» **TASK GOAL**
Take the line with "Hey Jude The" and every line after it, through the end of the listing, and give them again exactly, pictures excluded.
[[ DATASET CONTENT, beginning ]]
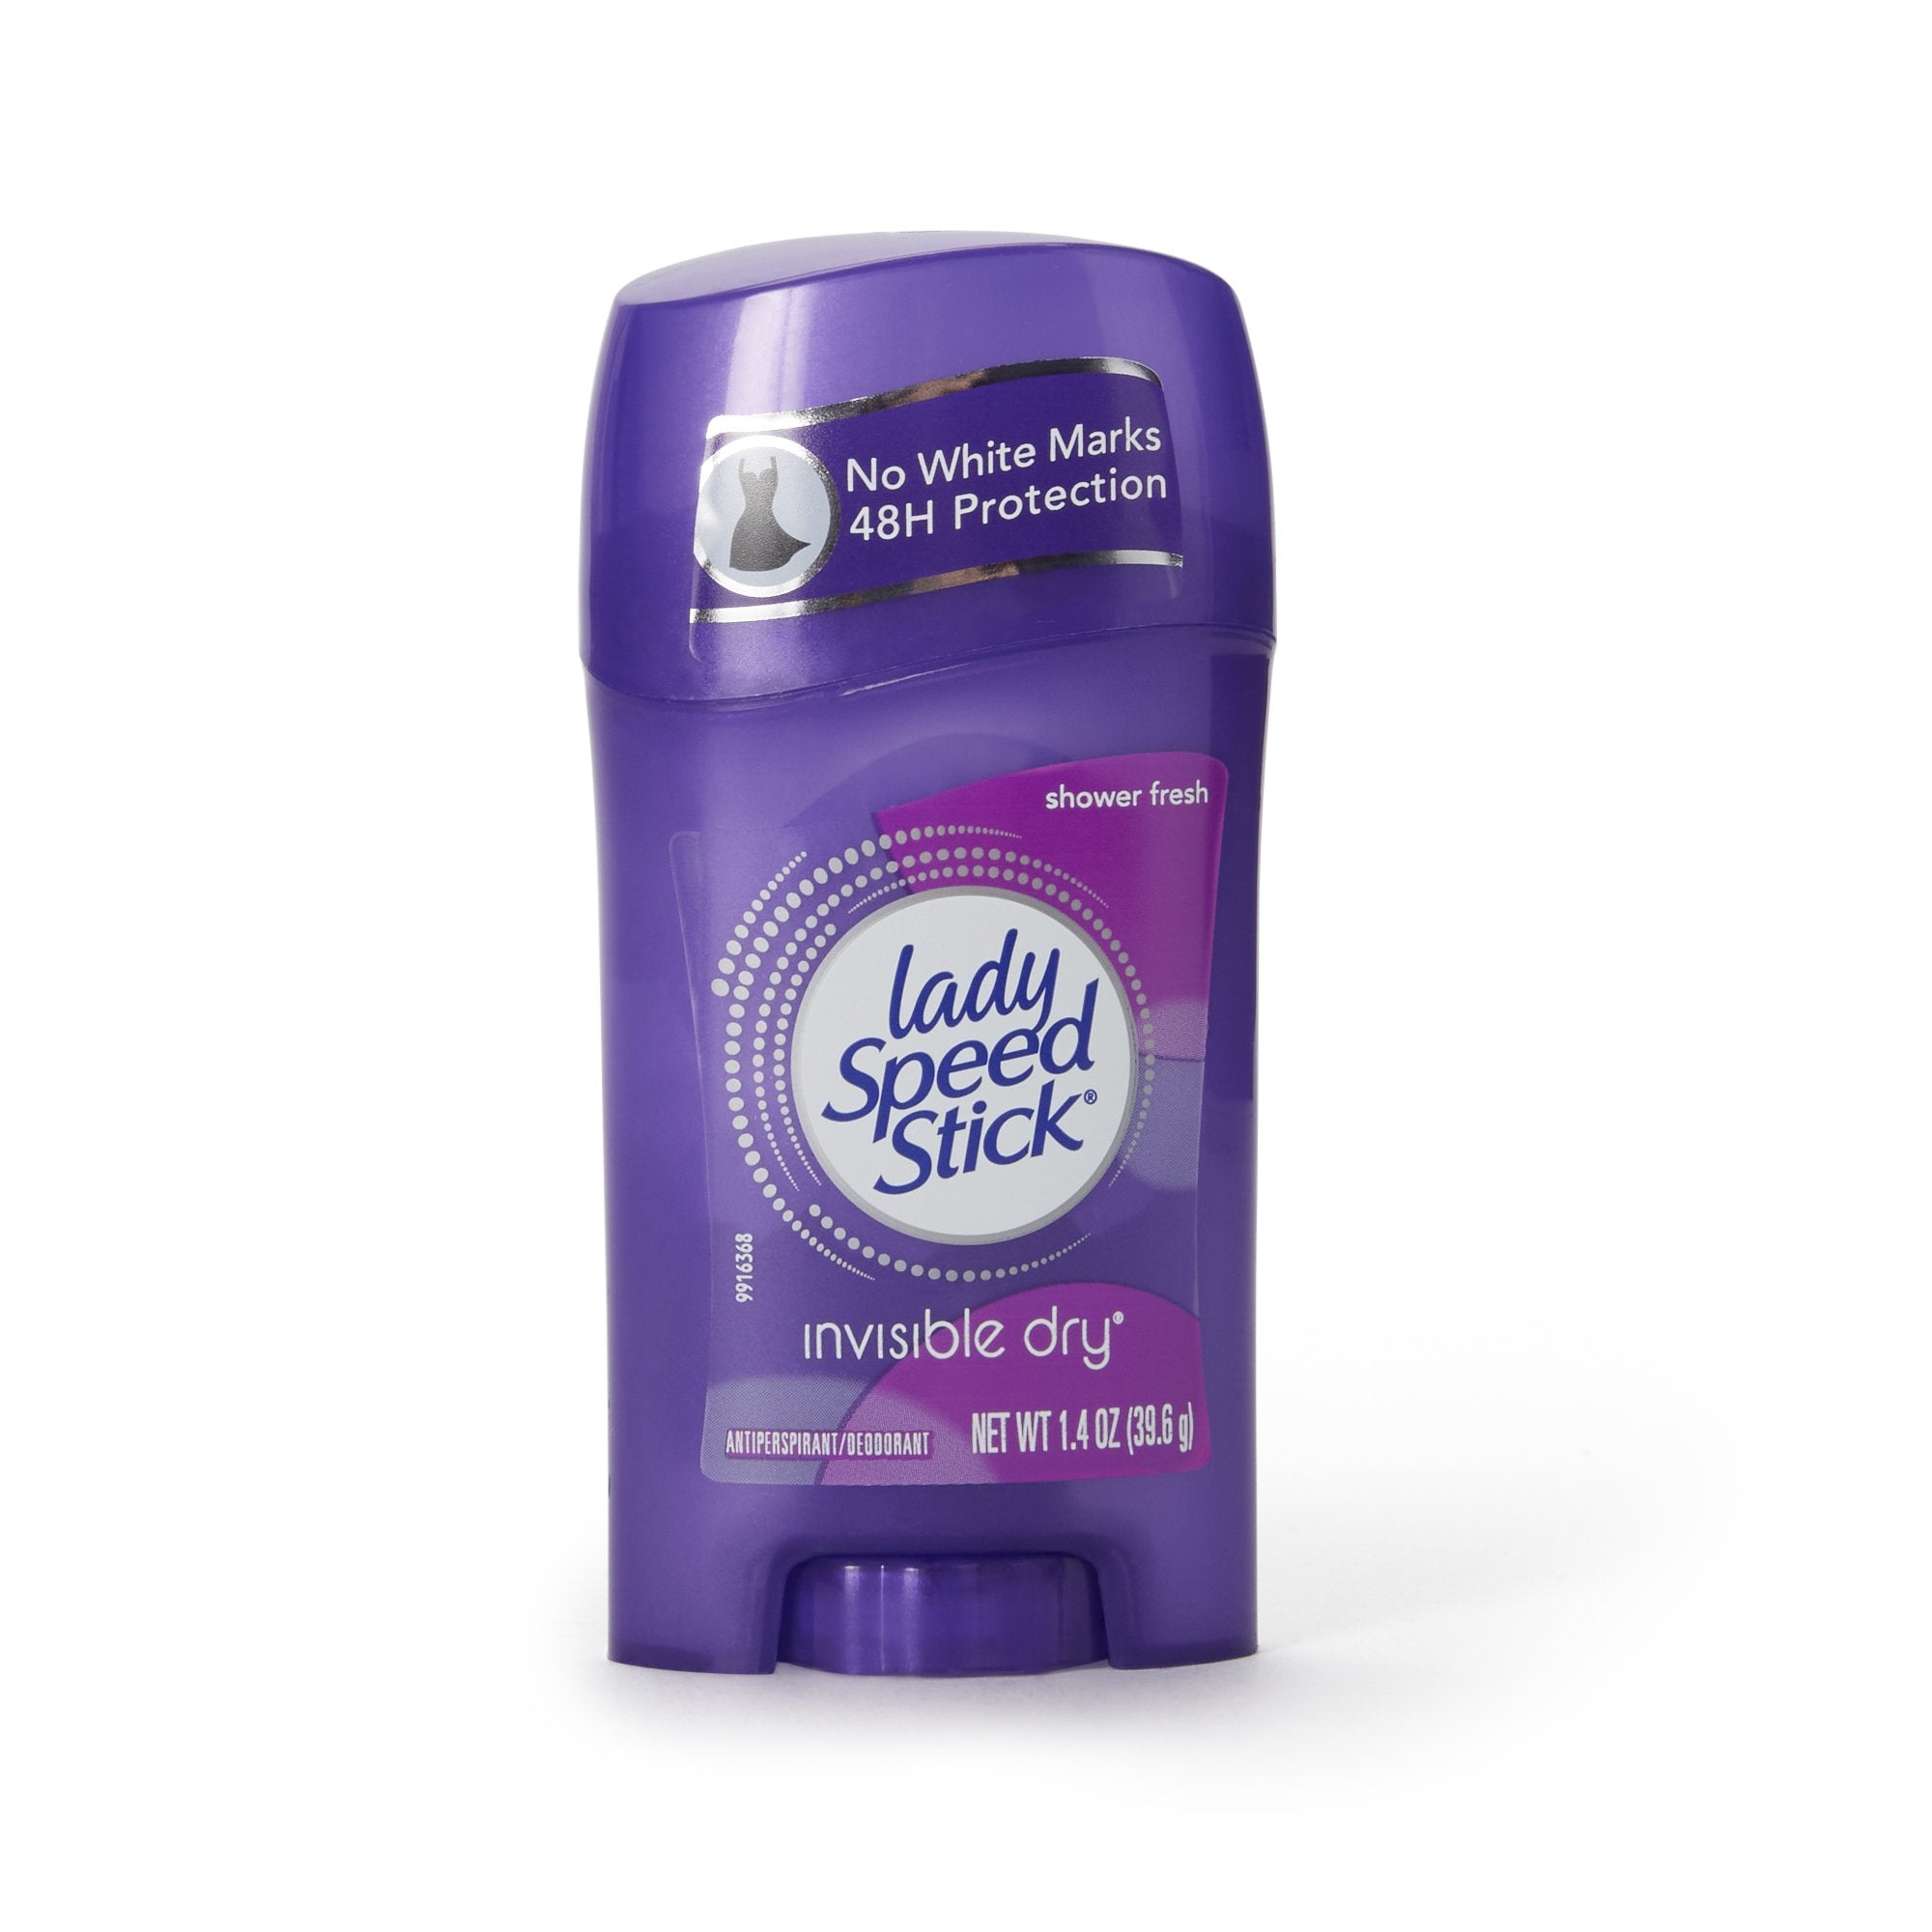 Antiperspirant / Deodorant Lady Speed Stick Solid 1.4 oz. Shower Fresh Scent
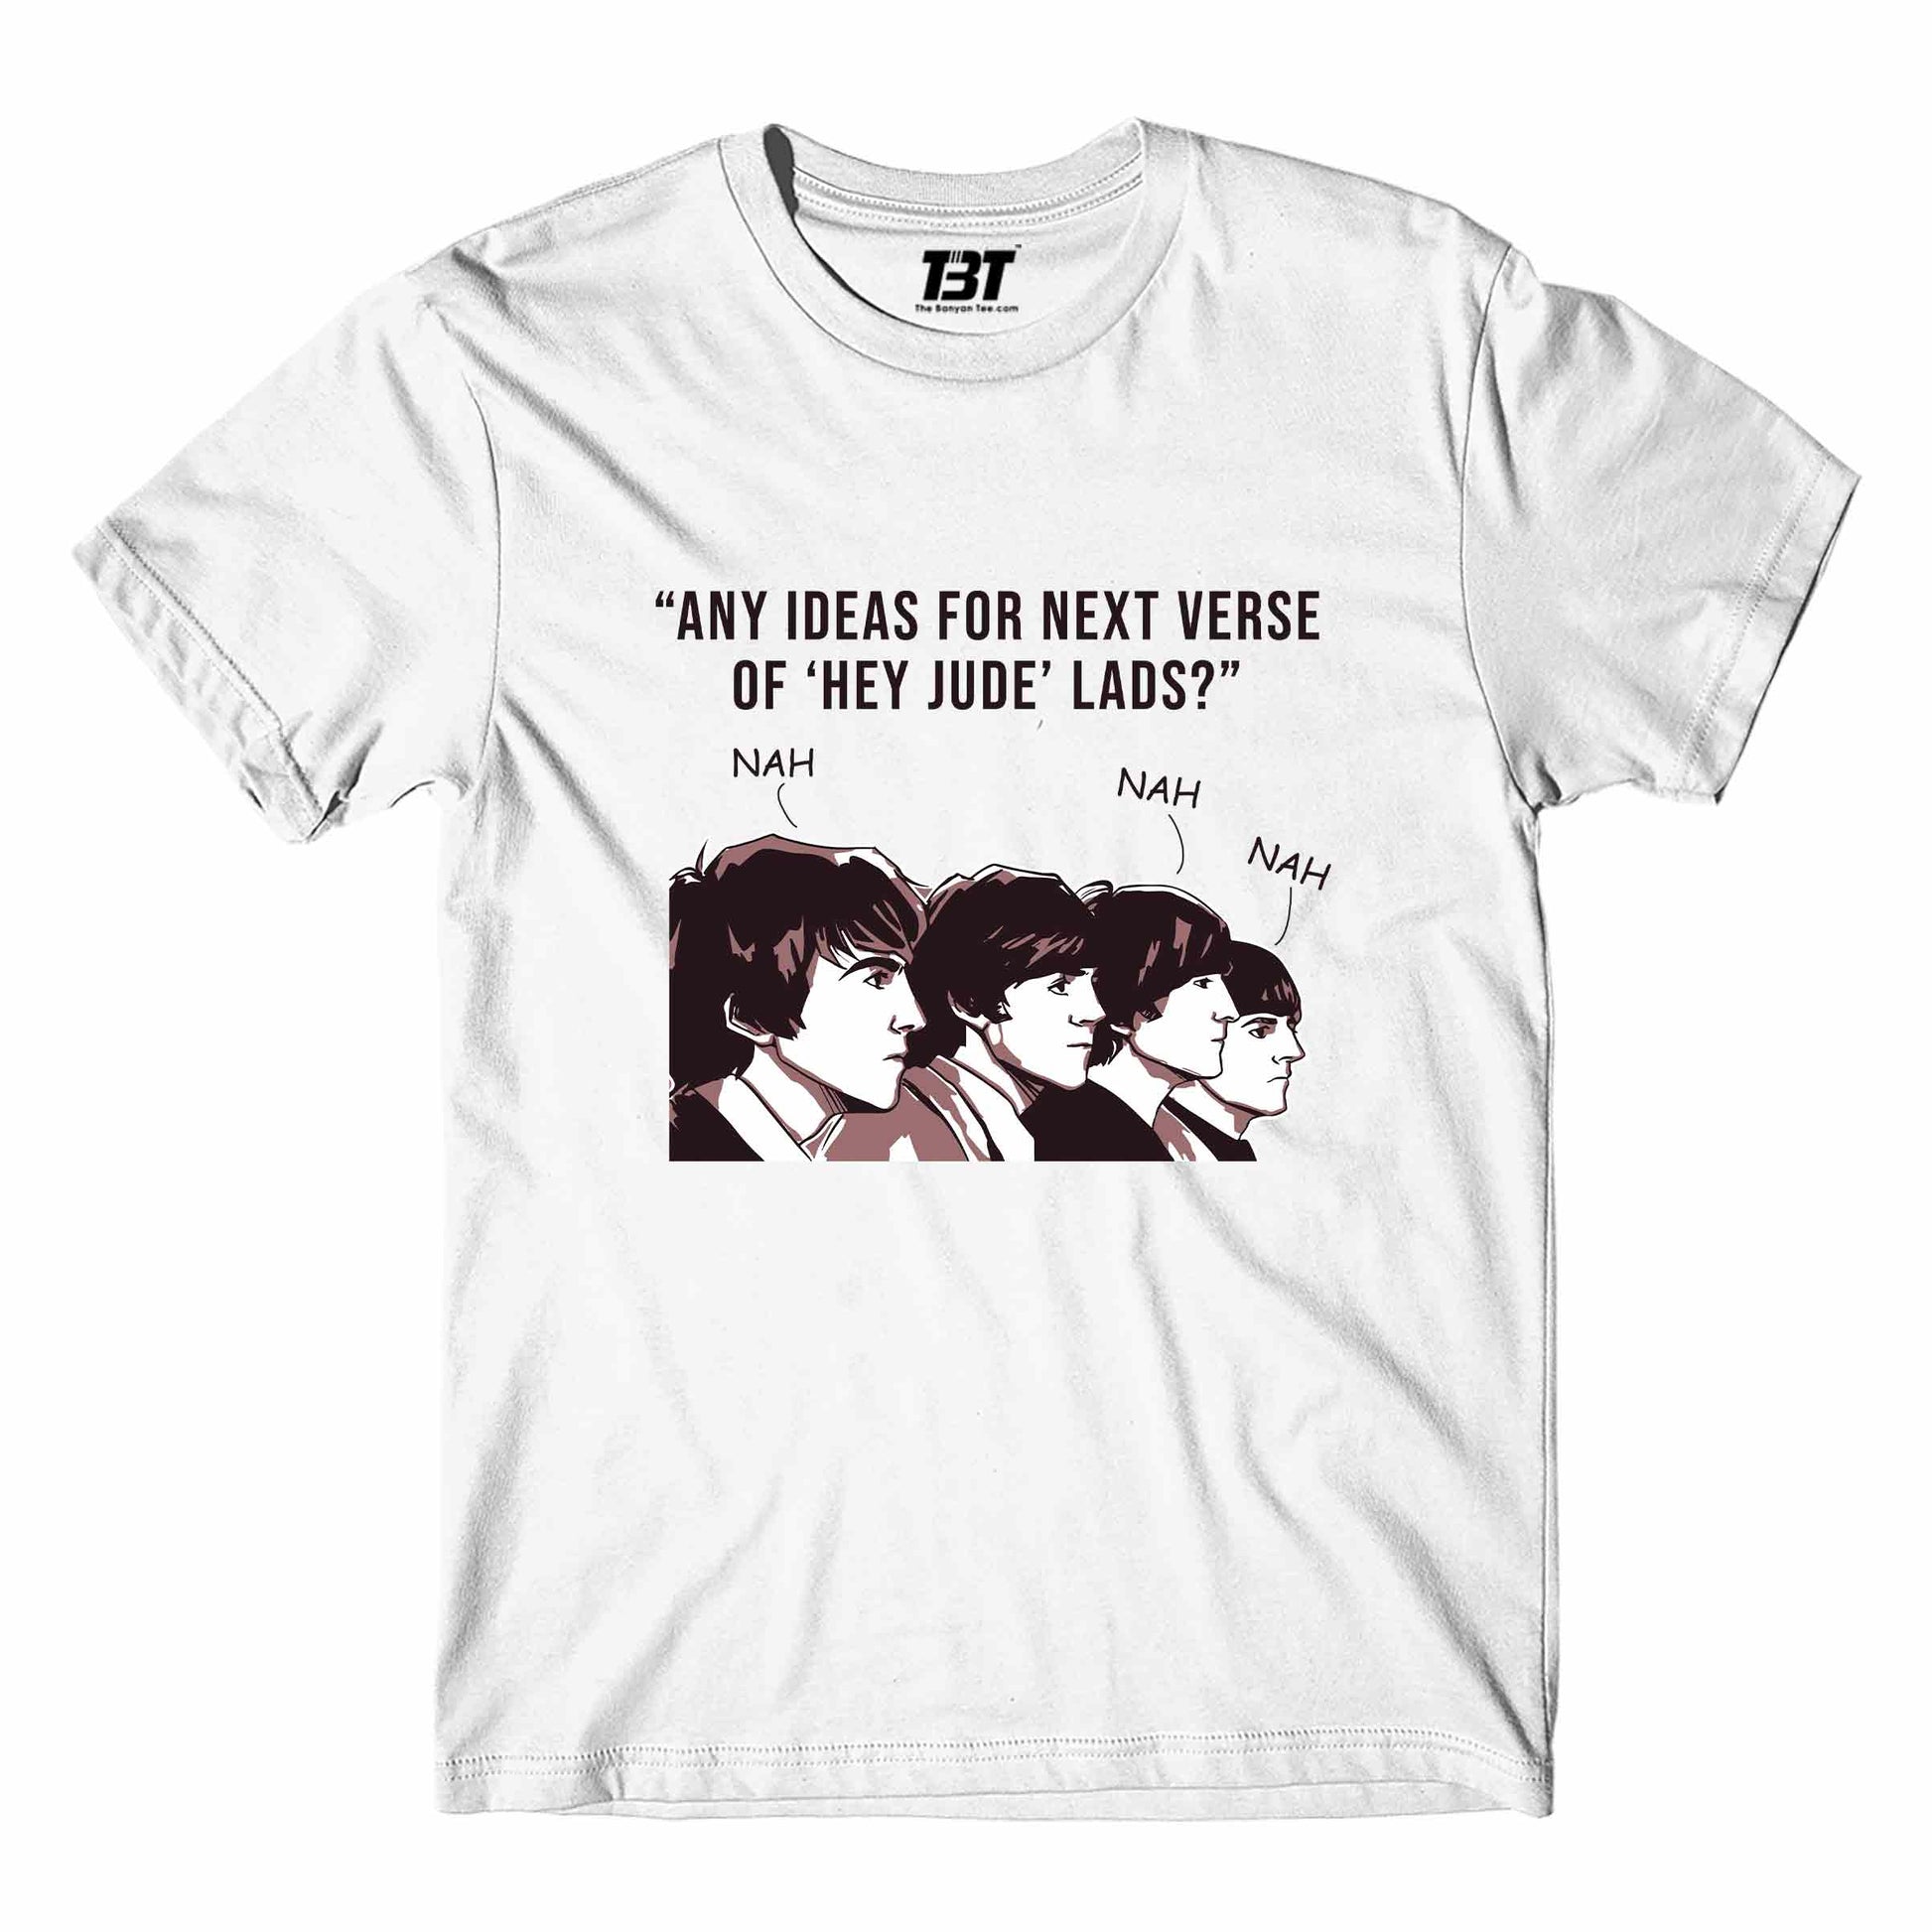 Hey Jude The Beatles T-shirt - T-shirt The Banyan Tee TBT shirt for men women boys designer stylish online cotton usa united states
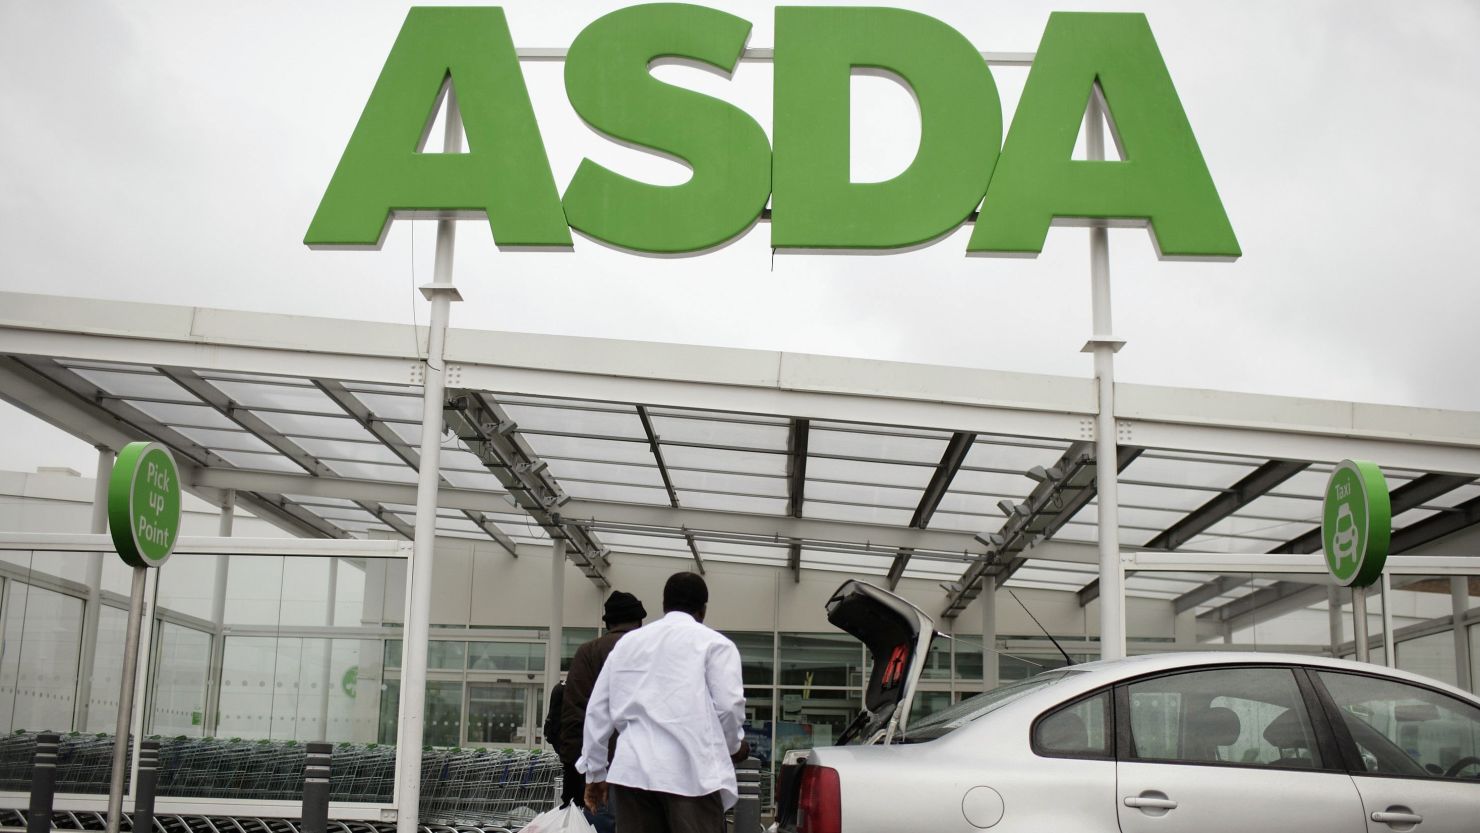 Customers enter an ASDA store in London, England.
[[ DATASET CONTENT, end ]]
» **COMPLETED EXERCISE**
 Hey Jude The Beatles T-shirt - T-shirt The Banyan Tee TBT shirt for men women boys designer stylish online cotton usa united states
 Customers enter an ASDA store in London, England.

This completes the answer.